水稲冷害研究チーム
福島県稲作指導情報
詳細に関する問い合わせは福島県農業試験場にお願いいたします.
新稲作情報<浜通り版>(7月17日)
発行:福島県新稲作情報編集会議
編集:福島県農業試験場相馬支場
−いもち病防除と低温時の深水管理の徹底を−
<当面する技術ポイント>
- いもち病防除
- 葉いもちは各地で確認されており、進展型病班も多いので、今後も防除を徹底する。
- 葉いもち用粒剤を6月中に散布した水田では、薬剤効力の切れる時期にきており、予防時に防除を行う。
- 穂いもち用粒剤を散布予定の場合は、剤及び生育ステージを確認して、適期に防除する。
- 今後の生育予想
- 6月下旬以降気温が高めに推移したため、出葉が早まり、草丈は平年よりやや長めである。

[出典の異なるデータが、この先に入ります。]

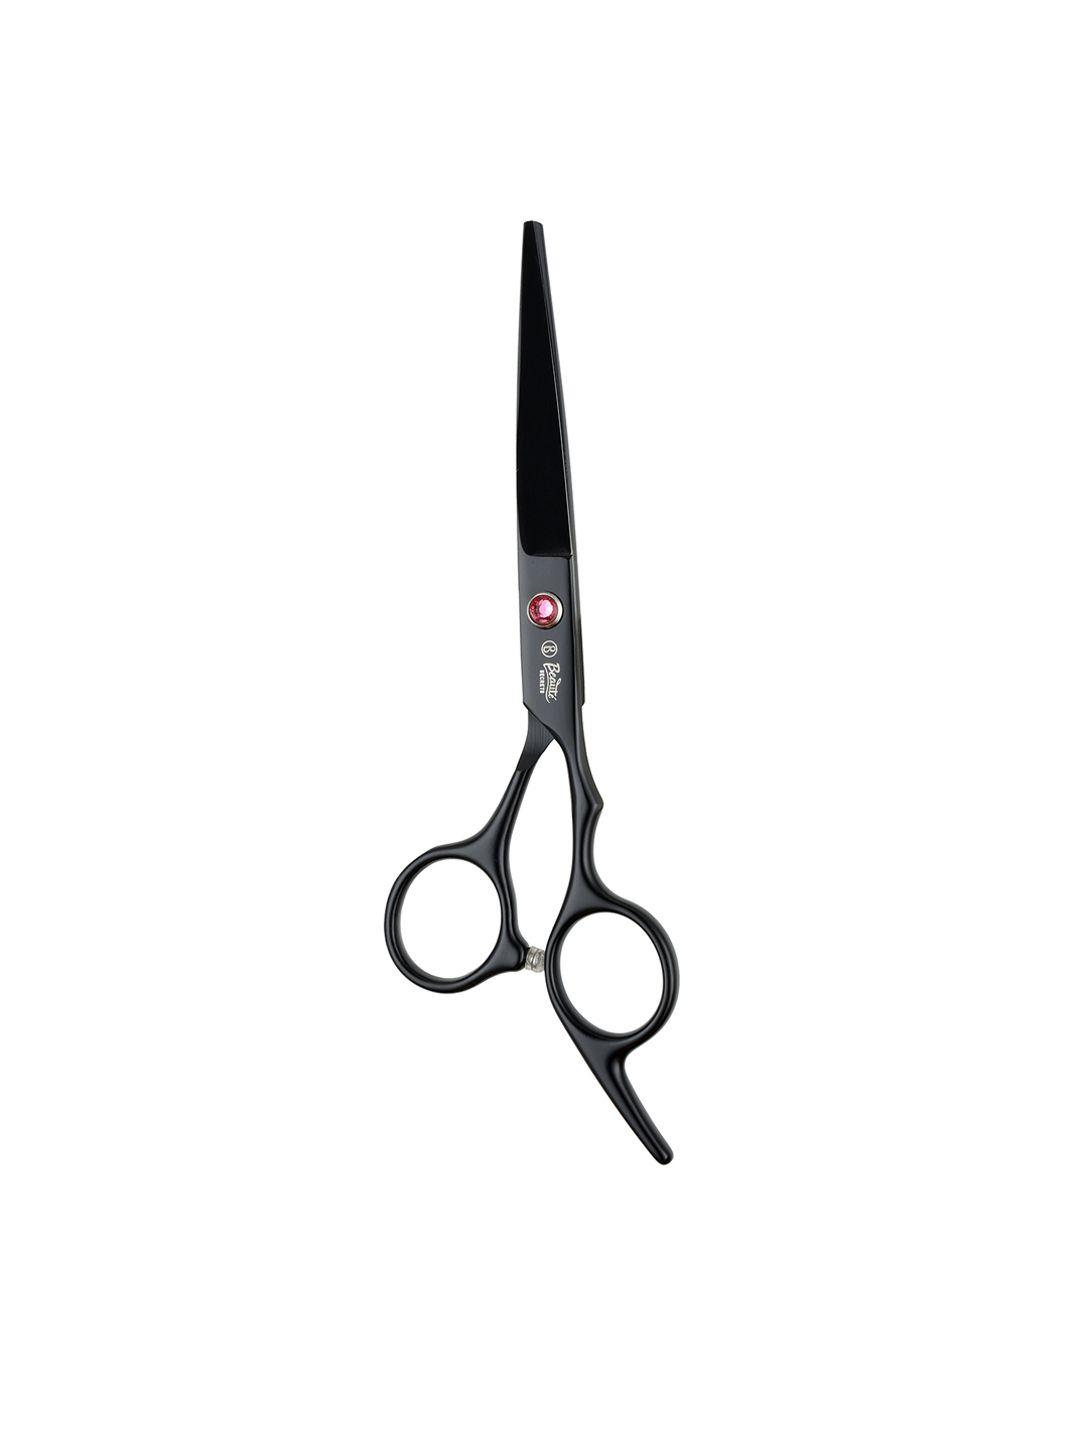 beaute secrets professional extremely sharp blades hair scissors - black

- 幼穂の発育は3日程度進んでおり、平坦部の初星・ひとめぼれ及びいわき地区のコシヒカリ、山間部のまいひめは、7月3半旬に幼穂形成期に達し、減数分裂期は7月下旬と予想される。
- 一方、相双のコシヒカリの幼穂形成期は7月23日頃と予想される。
- 倒状防止のための診断と対象
- 浜通り各地ともコシヒカリの草丈はほとんど70cm台と長く、生育の進み具合を考え合わせても、今後倒状が懸念される。
- コシヒカリの穂肥適期は7月31日頃と予想されるが、栄養診断に基つ゛いて、施用の時期・量を決定する。
また、追肥を行う場合は、必ずいもち防除も併せ行う。
- 幼穂形成期の草丈が75cm以上あるコシヒカリは、倒状軽減剤の施用を検討する。
- 低温対策及びカメムシ防除
- 20度以下の低温が予想される場合は、深水管理で対応する。深水管理の水深は、幼穂形成期は5〜10cm,減数分裂期は15〜20cm必要である。
- カメムシ類の常発地及び前年の多発地では畦畔の草刈(出穂前10日までに)及び防除を行う。
- 直播栽培のポイント
A 直播共通
- 葉いもちや紋枯病、イネツトムシの発生に注意し、適期に防除する。
また、粒剤等による穂いもち防除にあたっては,移植栽培より生育ステージが遅いので注意する。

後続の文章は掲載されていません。